Countless other Chinese were tortured, imprisoned, and killed for seeking religious freedom or for other perceived offenses against the Communist Party. One was Harry Wu (born 1937), who began to suffer severe persecution as a college student. After becoming a U.S. citizen, Wu worked to expose the Chinese government practice of imprisoning political dissenters in brutal labor camps and selling their products and the organs of the prisoners to the United States and other nations.
Two world-famous victims were intellectual leaders Fang Lizhi (Fang Li-tzu, born 1936) and Liu Binyan (Liu Ping-yen, born 1925). Fang was China’s leading astrophysicist and vice president of the prestigious Chinese University of Science and Technology. For supporting students’ demands for genuine elections, for advocating democracy and intellectual freedom, and for demanding that Wei Jing-sheng be released, he was dismissed from his positions in 1987 and expelled from the CCP. When President George H. W. Bush invited Fang and his wife to a state dinner that he hosted during a visit to China in 1989, the Chinese leaders sent police to prevent them from attending.
Liu Binyan was a famous literary figure and also an investigative reporter for the newspaper the People’s Daily.

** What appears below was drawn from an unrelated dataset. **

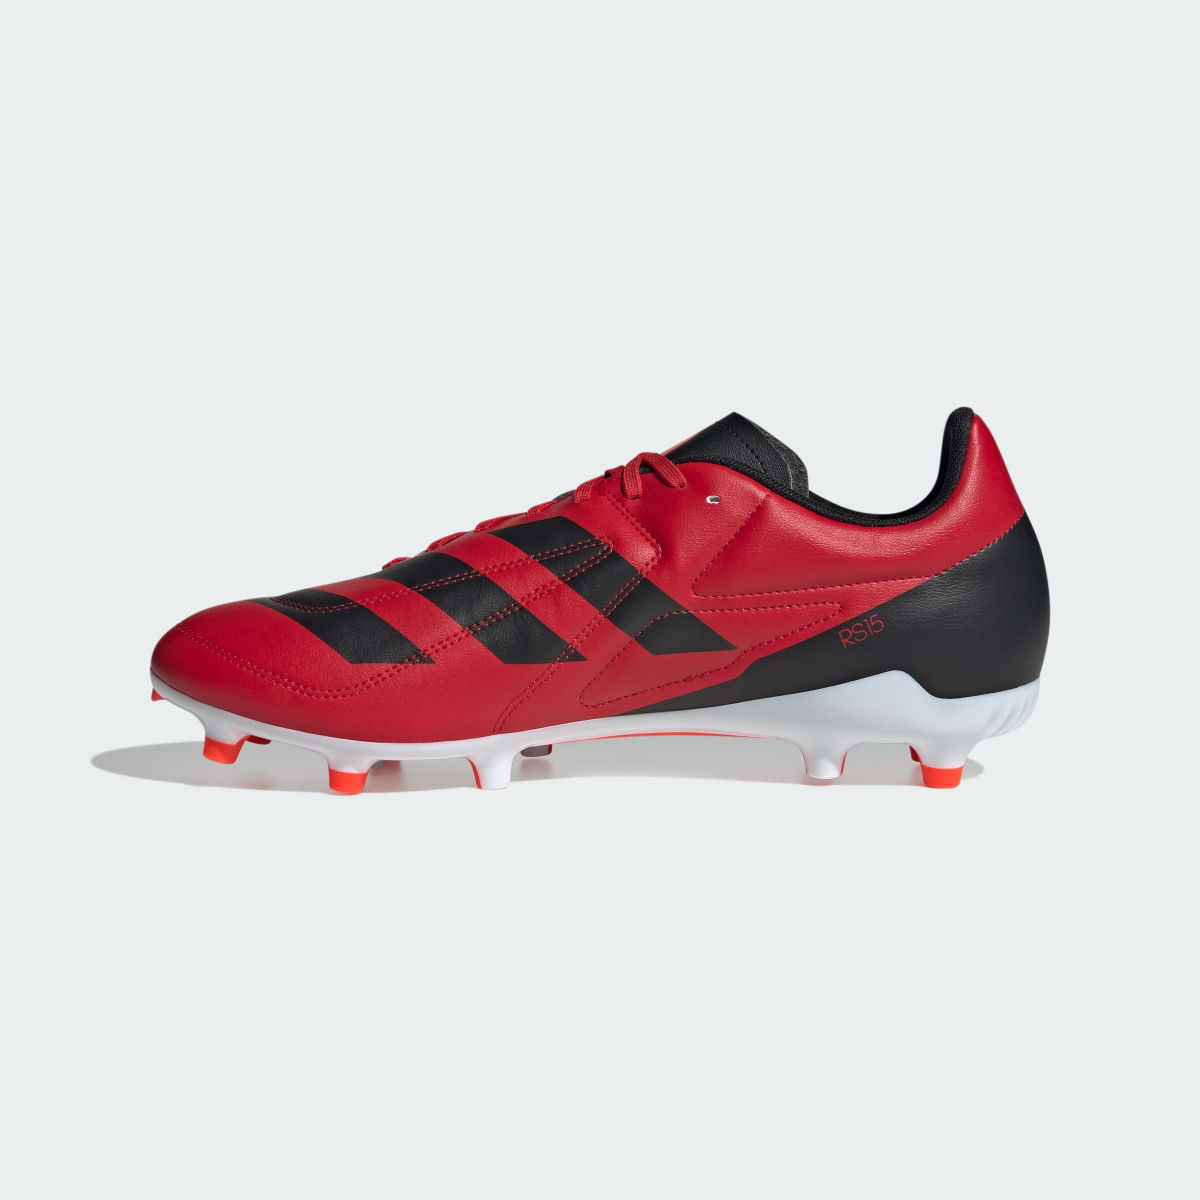 Adidas RS15 Firm Ground Rugby Boots. 7
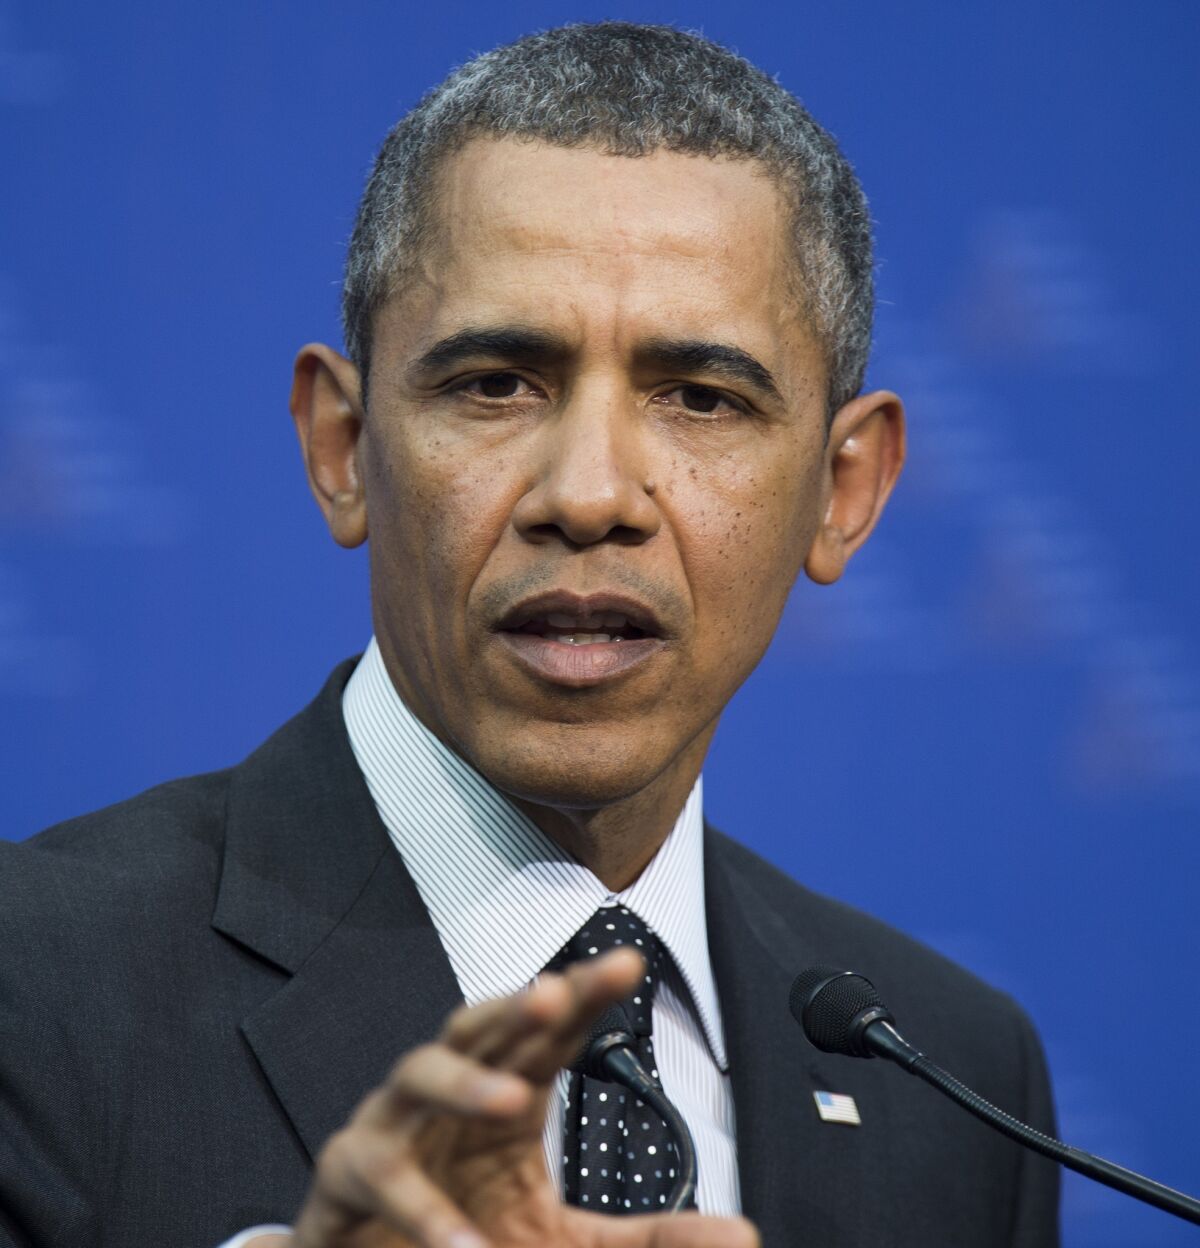 President Obama during a news conference in The Hague, Netherlands.

For exposing the massive abuses of power by the CCP, he was dismissed from the party. Their fame protected Fang and Liu from arrest, but both were exiled—to Great Britain and the United States, respectively. Among the four, Wei, Fang, and Liu began as committed communists and later became determined opponents of communism. Wei and Wu suffered long and harsh imprisonment. Millions of other Chinese, named and unnamed, continued to suffer the denial of their human rights.
Bibliography:
- Binyan, Liu. “Tell the World” What Happened in China and Why. Translated by Henry L. Epstein. New York: Pantheon Books, 1989;
- Salisbury, Harrison E. The New Emperors: China in the Era of Mao and Deng. Boston: Little, Brown, 1992;
- Wei Jingsheng. The Courage to Stand Alone. New York: Penguin, USA, 1997;
- Wu, Harry, with George Vecsey. Troublemaker, One Man’s Crusade against China’s Cruelty. New York: Time Books, 1996.